Output audio sample rate in Hz

params
InputParams
default:"InputParams()"

Additional configuration parameters

text_filter
BaseTextFilter
default:"None"

Modifies text provided to the TTS. Learn more about the available filters.

InputParams

language
Language
default:"None"

The language of the text to be synthesized

optimize_streaming_latency
str
default:"None"

Optimization level for streaming latency

stability
float
default:"None"

Defines the stability for voice settings

similarity_boost
float
default:"None"

Defines the similarity boost for voice settings

style
float
default:"None"

Defines the style for voice settings.
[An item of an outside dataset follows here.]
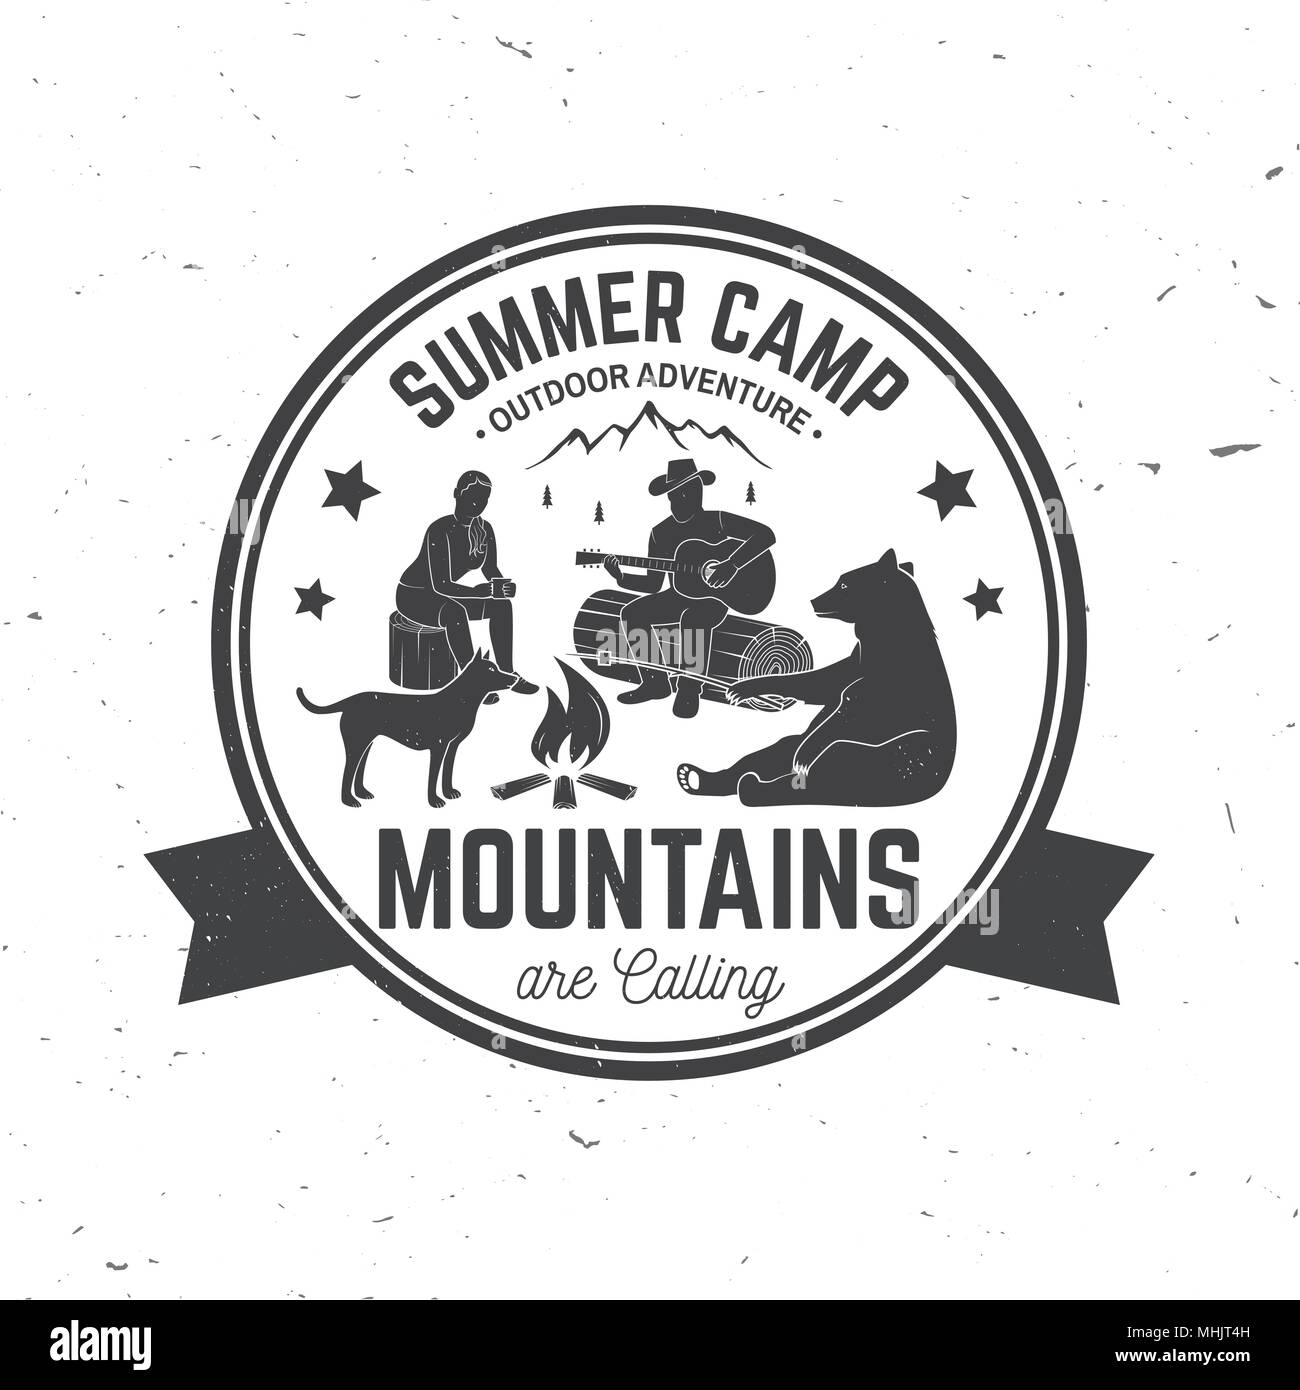 Summer camp. Vector illustration. Stock Vector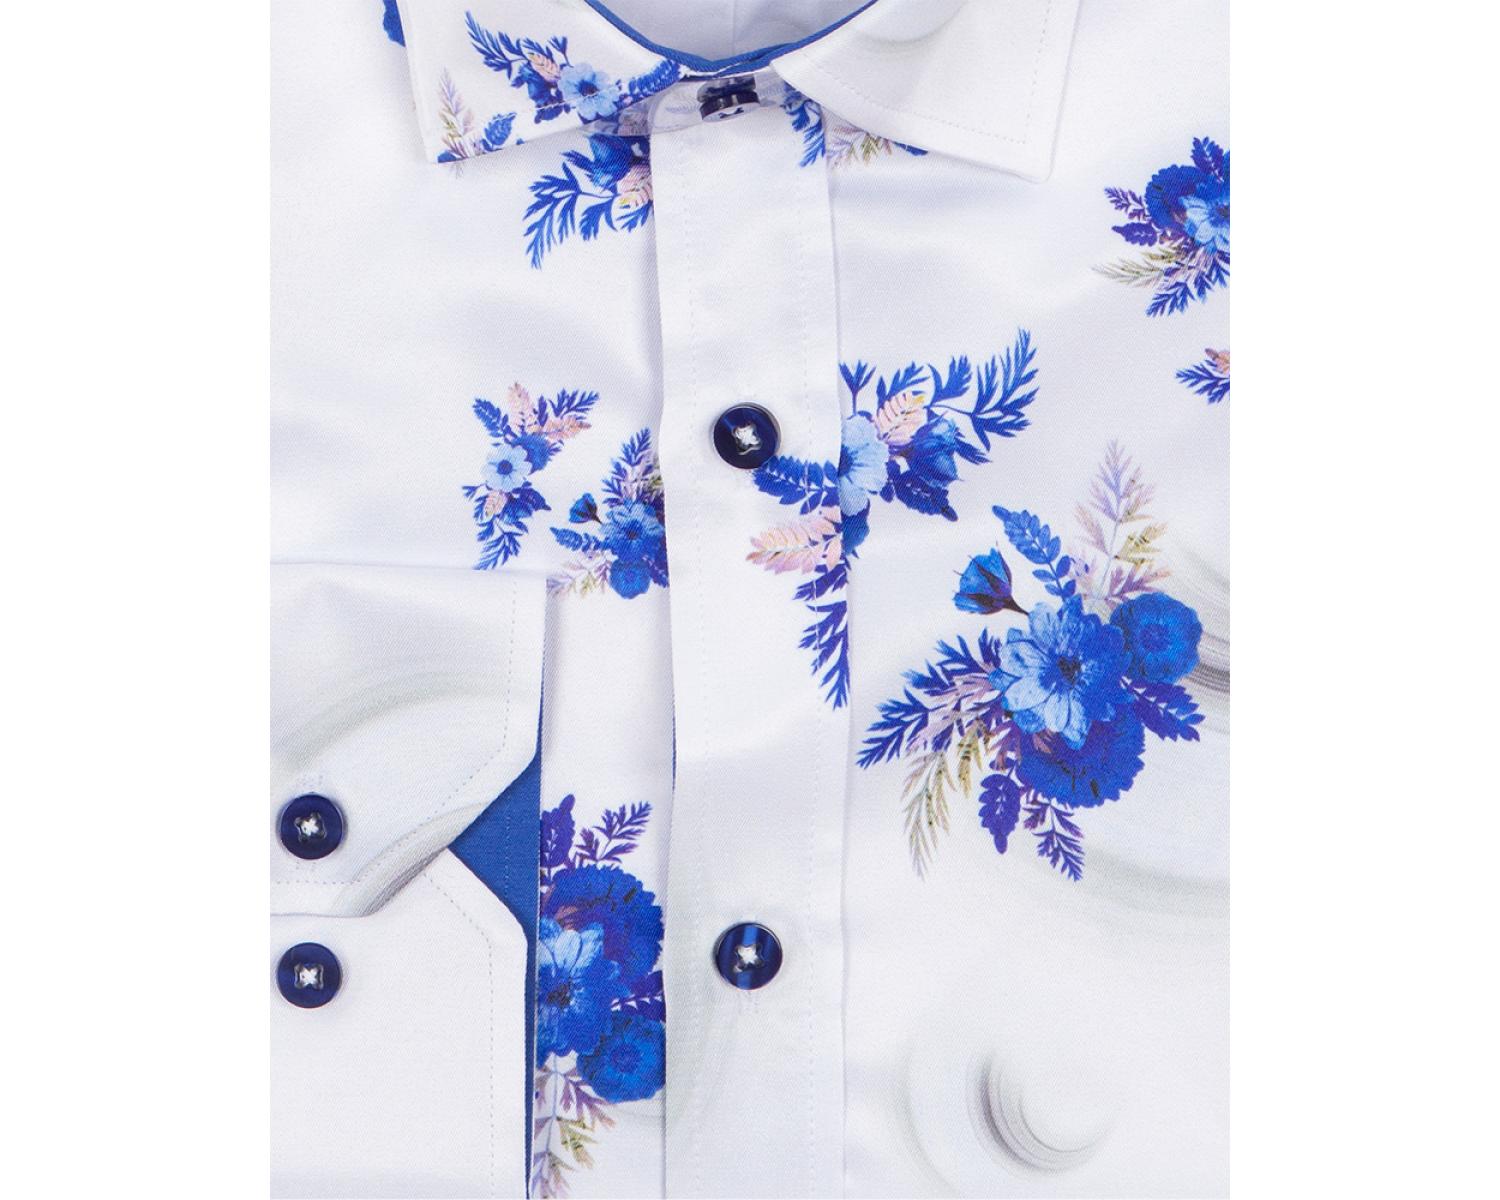 SL 6864 Men's & royal blue floral print long sleeved shirt - Quality Designed

Available on V2+ models

use_speaker_boost
bool
default:"None"

Defines whether to use speaker boost for voice settings. Available on V2+ models

speed
float
default:"None"

Speech rate multiplier. Higher values increase speech speed

auto_mode
bool
default:"True"

This parameter focuses on reducing the latency by disabling the chunk schedule and buffers. Recommended when sending full sentences or phrases

ElevenLabsHttpTTSService (HTTP)

Configuration

api_key
str
required

ElevenLabs API key

voice_id
str
required

Voice identifier

aiohttp_session
aiohttp.ClientSession
required

aiohttp ClientSession for HTTP requests

model
str
default:"eleven_flash_v2_5"

Model identifier

base_url
str
default:"https://api.elevenlabs.io"

API base URL

sample_rate
int
default:"None"

Output audio sample rate in Hz

params
InputParams
default:"InputParams()"

Additional configuration parameters (similar to WebSocket implementation)

Output Frames

TTSStartedFrame

Signals the start of audio generation.

TTSAudioRawFrame

Contains generated audio data:

audio
bytes

Raw audio data chunk

sample_rate
int

Audio sample rate

num_channels
int

Number of audio channels (1 for mono)

TTSStoppedFrame

Signals the completion of audio generation.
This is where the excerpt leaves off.